15. An apparatus comprising: at least one processor; and at least
one memory including computer program code; the at least one memory
and the computer program code configured to, with the at least one
processor, cause the apparatus at least to: determine an uplink
loss metric for an uplink communication path from a user equipment
to a base station in a wireless network based at least on an uplink
transmit beam for the user equipment and an uplink receive beam for
the base station; determine a downlink loss metric for the downlink
communication path from the base station to the user equipment
based at least on a downlink transmit beam for the base station and
a downlink receive beam for the user equipment; and determine,
based on the uplink loss metric and the downlink loss metric, an
uplink/downlink beam correspondence misalignment for the user
equipment that indicates that the uplink transmit beam for the user
equipment is misaligned with the downlink receive beam for the user
equipment.
16. The apparatus of claim 15, the at least one memory and the
computer program code configured to, with the at least one
processor, cause the apparatus further to: receive a message
including at least one of the following: an indication of a
measured receive power of reference signals transmitted in a first
direction, and a transmit power of reference signals transmitted in
a second direction; and wherein at least one of the determining the
uplink loss metric and the determining the downlink loss metric is
determined, based at least in part, on at least one of the measured
receive power of reference signals transmitted in the first
direction or the transmit power of reference signals transmitted in
the second direction.
17. The apparatus of claim 15, wherein being configured to cause
the apparatus to determine an uplink/downlink beam correspondence
misalignment for the user equipment comprises the at least one
memory and the computer program code configured to, with the at
least one processor, cause the apparatus to: determine an absolute
value of a difference between the downlink loss metric and the
uplink loss metric; and determine that the absolute value of the
difference between the downlink loss metric and the uplink loss
metric is greater than a threshold value.
18. The apparatus of claim 15 wherein: the downlink loss metric is
determined based at least on a base station transmit power for a
downlink transmission of reference signals from the base station,
and a user equipment measured receive power of downlink reference
signals received by the user equipment from the base station; and
the uplink loss metric is determined based at least on a user
equipment transmit power for an uplink transmission of reference
signals from the user equipment, and a base station measured
receive power of the uplink reference signals received by the base
station from the user equipment.
19. The apparatus of claim 15, wherein the at least one memory and
the computer program code configured to, with the at least one
processor, cause the apparatus further to: perform, in response to
the determining an uplink/downlink beam correspondence misalignment
for the user equipment, a corrective action to improve an alignment
between the uplink transmit beam for the user equipment and the
downlink receive beam for the user equipment.

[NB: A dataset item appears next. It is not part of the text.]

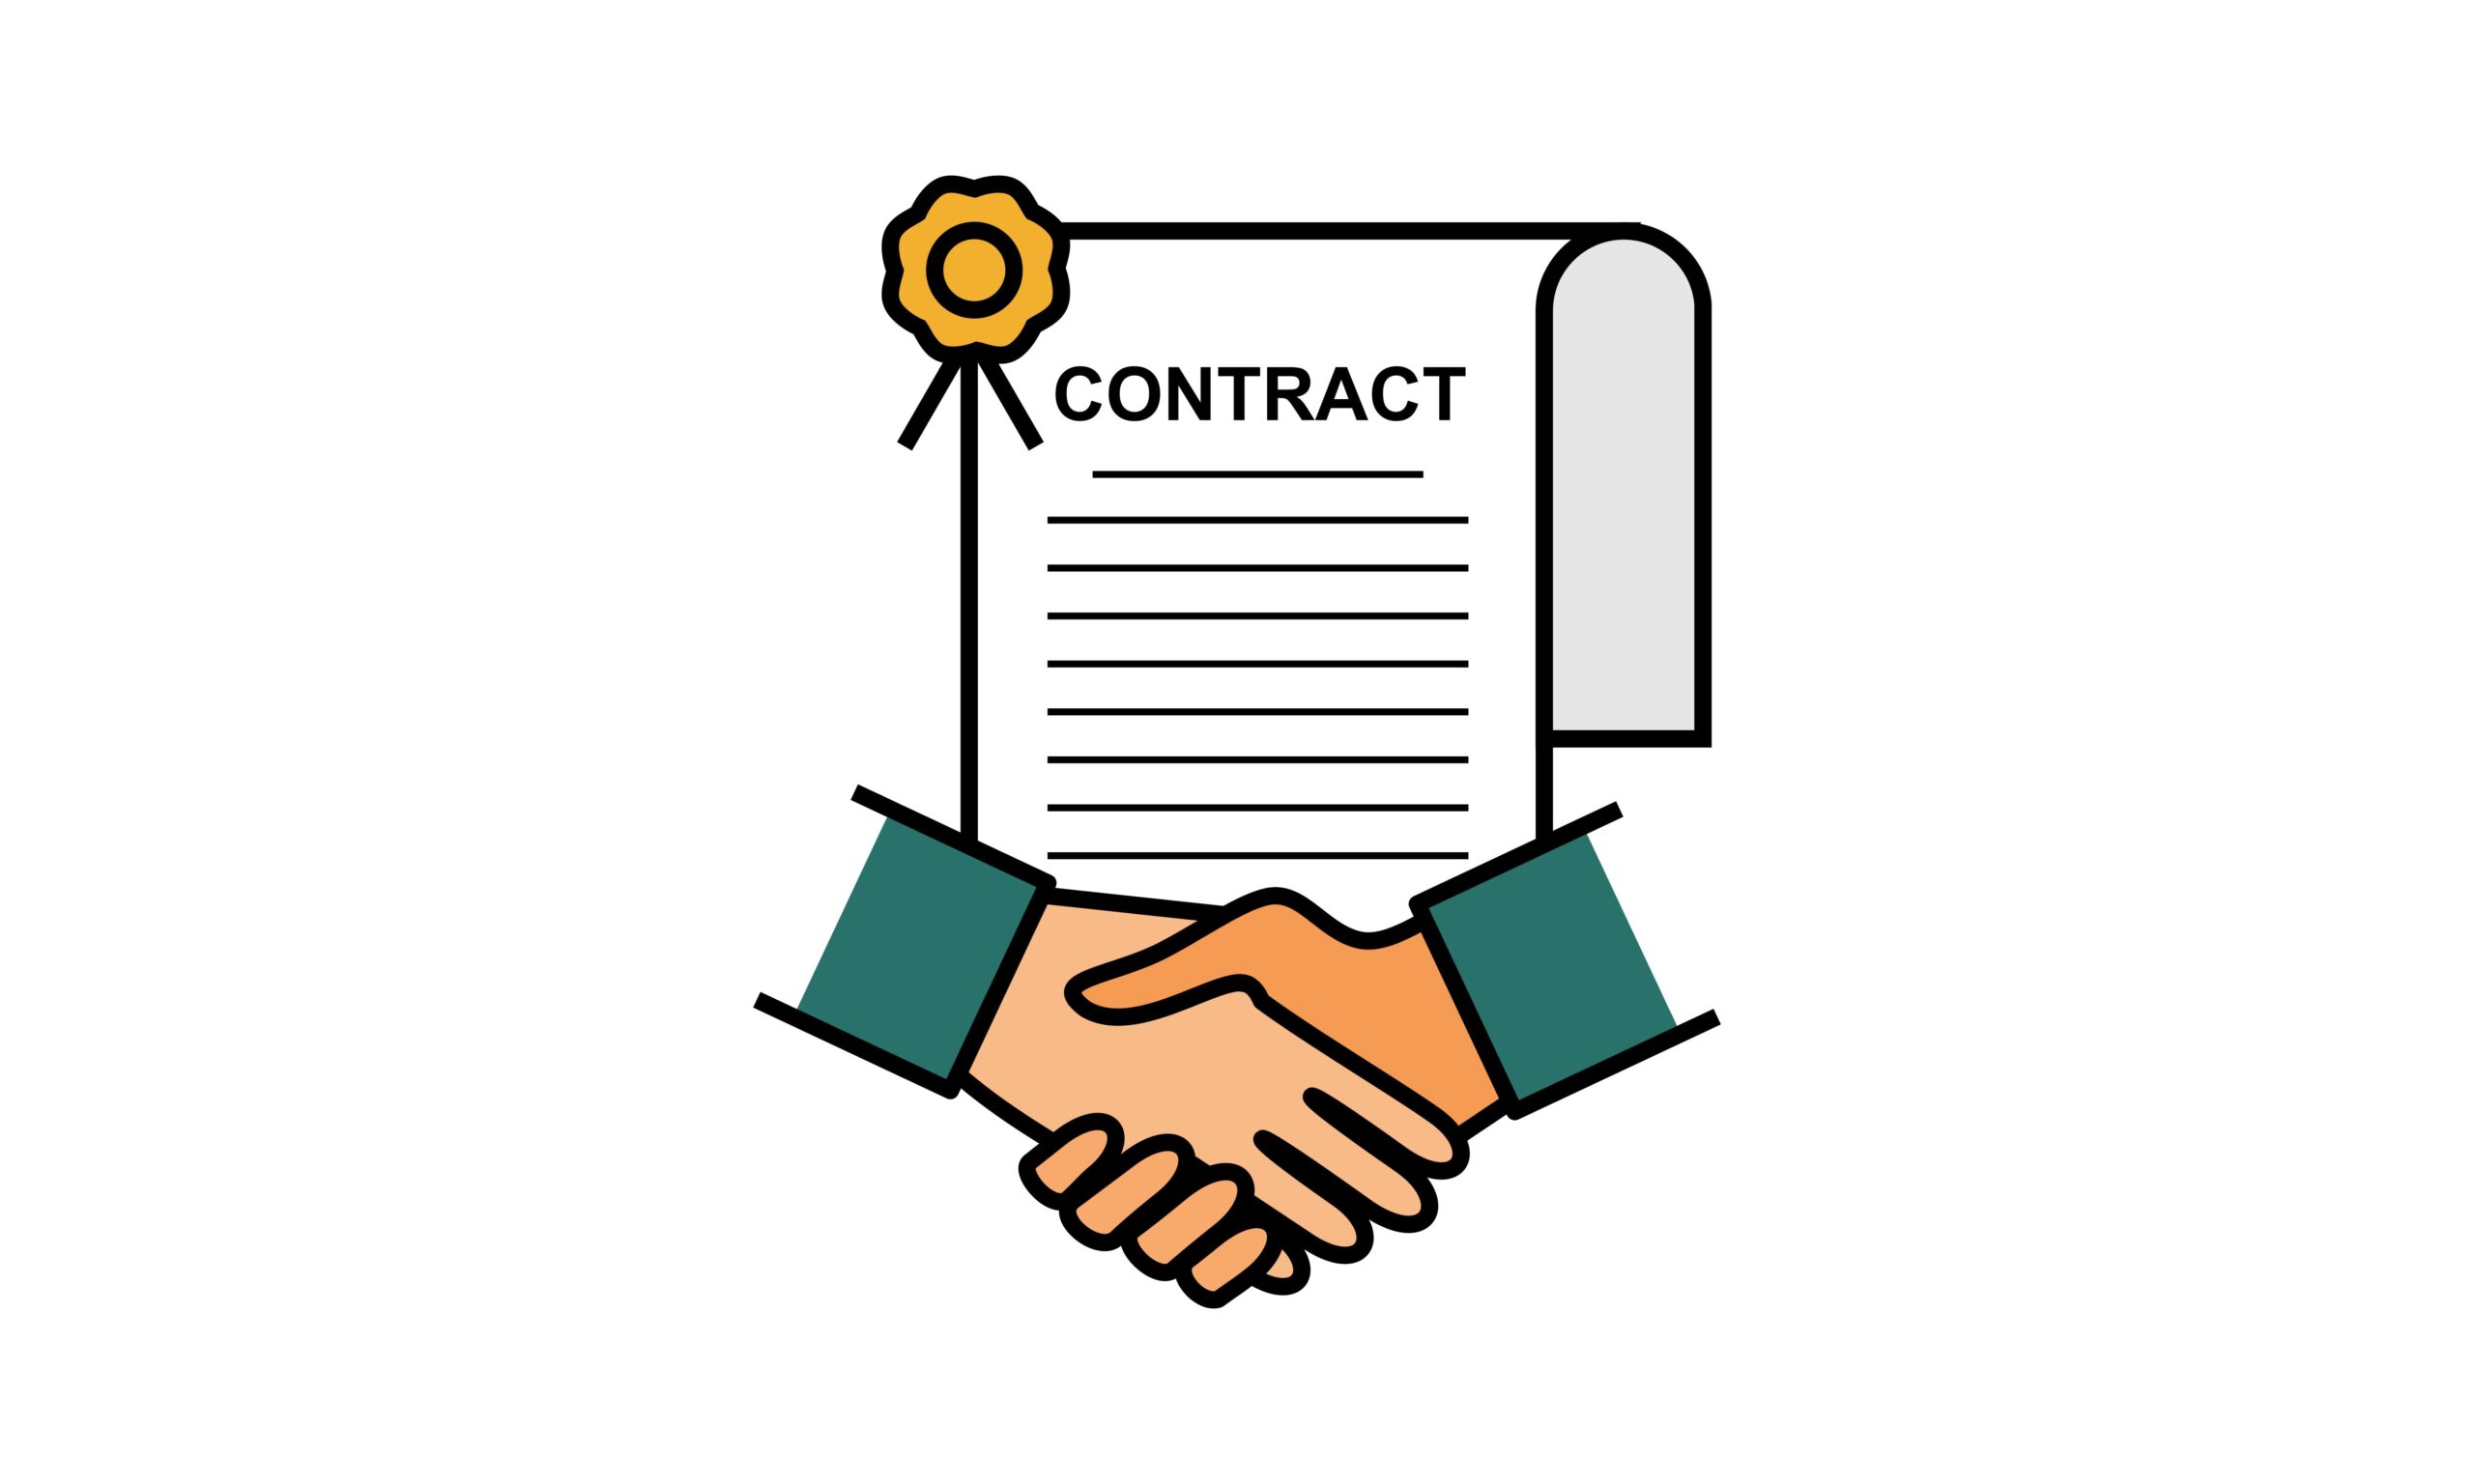 Handshake-for-business-agreement-logo-Graphics-4567249-1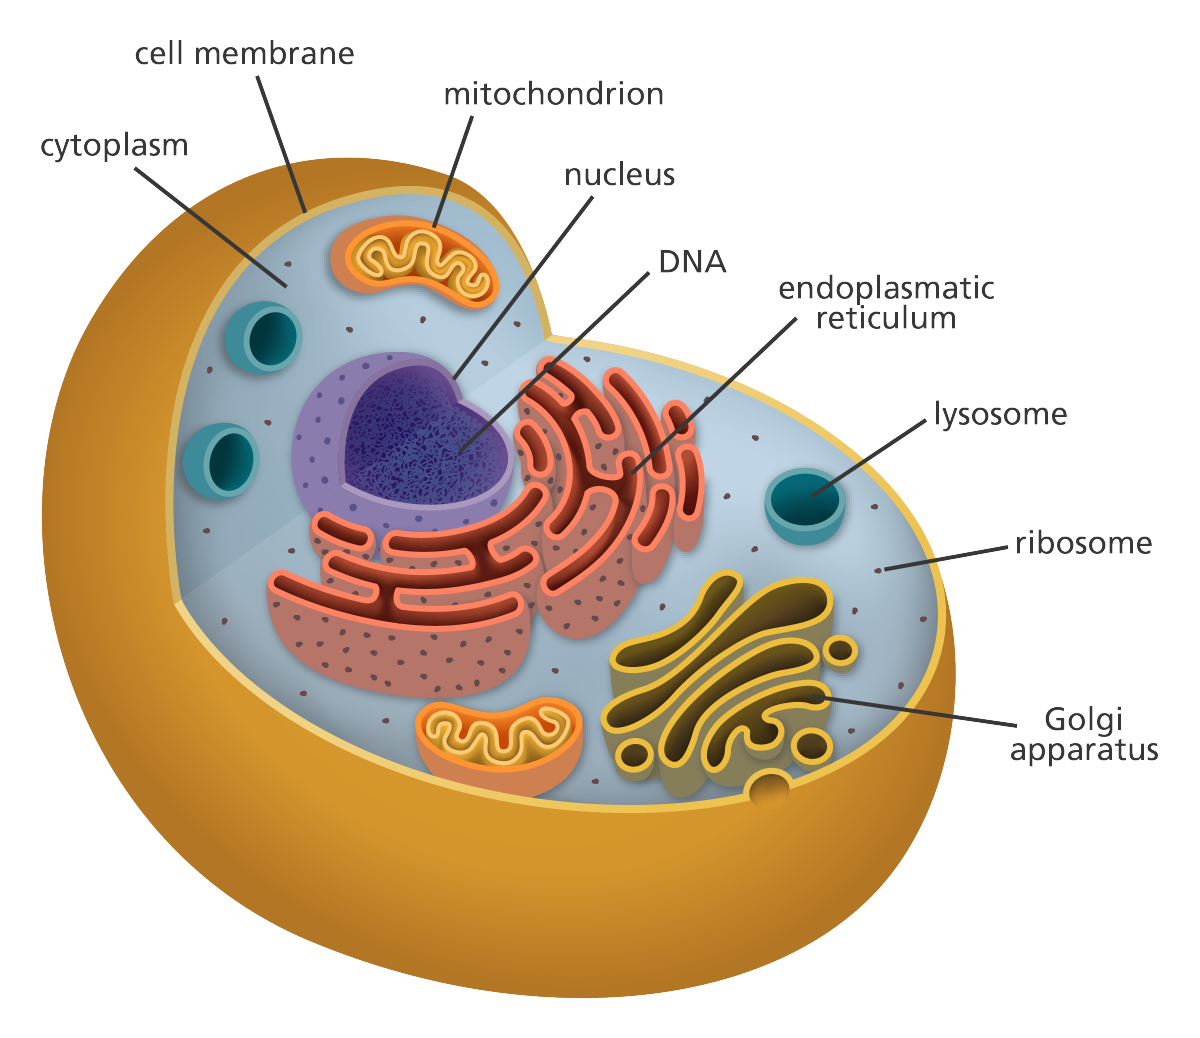 Клетка человека изображение. Человеческая клетка. Клетка человека рисунок. Клетка цитология. Cell structure.

20. The apparatus of claim 15, wherein the at least one memory and
the computer program code configured to, with the at least one
processor, cause the apparatus further to: send or receive a
message including a threshold value to be used in the determining
of the uplink/downlink beam correspondence misalignment for the
user equipment based on an absolute value of a difference between
the downlink loss metric and the uplink loss metric being greater
than the threshold value.
Description
TECHNICAL FIELD
[0001] This description relates to wireless communications.
BACKGROUND
[0002] A communication system may be a facility that enables
communication between two or more nodes or devices, such as fixed
or mobile communication devices. Signals can be carried on wired or
wireless carriers.
[0003] An example of a cellular communication system is an
architecture that is being standardized by the 3.sup.rd Generation
Partnership Project (3GPP). A recent development in this field is
often referred to as the long-term evolution (LTE) of the Universal
Mobile Telecommunications System (UMTS) radio-access technology.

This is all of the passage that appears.